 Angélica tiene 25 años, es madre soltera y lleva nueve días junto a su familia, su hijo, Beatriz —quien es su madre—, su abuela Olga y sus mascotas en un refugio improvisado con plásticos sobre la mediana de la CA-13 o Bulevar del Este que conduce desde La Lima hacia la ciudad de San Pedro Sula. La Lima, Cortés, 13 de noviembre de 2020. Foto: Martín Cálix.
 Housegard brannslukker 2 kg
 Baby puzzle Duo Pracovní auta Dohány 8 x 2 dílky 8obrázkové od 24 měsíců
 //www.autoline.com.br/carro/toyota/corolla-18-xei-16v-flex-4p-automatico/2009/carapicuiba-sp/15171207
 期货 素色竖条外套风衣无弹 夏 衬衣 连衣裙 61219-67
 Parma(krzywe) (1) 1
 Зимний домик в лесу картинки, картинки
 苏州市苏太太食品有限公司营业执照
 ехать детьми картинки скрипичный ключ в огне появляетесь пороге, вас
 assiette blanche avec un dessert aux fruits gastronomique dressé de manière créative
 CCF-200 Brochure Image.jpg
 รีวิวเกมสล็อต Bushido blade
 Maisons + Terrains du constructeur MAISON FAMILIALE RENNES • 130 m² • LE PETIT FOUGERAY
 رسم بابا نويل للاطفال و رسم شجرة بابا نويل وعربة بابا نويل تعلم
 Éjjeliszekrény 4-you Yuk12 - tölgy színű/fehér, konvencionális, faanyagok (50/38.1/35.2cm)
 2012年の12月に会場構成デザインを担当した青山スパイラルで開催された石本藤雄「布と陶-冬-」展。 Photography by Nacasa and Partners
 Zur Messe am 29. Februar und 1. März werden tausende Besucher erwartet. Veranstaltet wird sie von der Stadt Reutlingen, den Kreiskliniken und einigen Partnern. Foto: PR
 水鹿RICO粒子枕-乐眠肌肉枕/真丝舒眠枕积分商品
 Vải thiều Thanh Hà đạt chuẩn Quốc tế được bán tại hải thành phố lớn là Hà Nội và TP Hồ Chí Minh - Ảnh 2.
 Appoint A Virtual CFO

----

PROBLEM TO SOLVE » Take from the listing above each line that contains the string "картинки".

TASK ANSWER »
 Зимний домик в лесу картинки, картинки
 ехать детьми картинки скрипичный ключ в огне появляетесь пороге, вас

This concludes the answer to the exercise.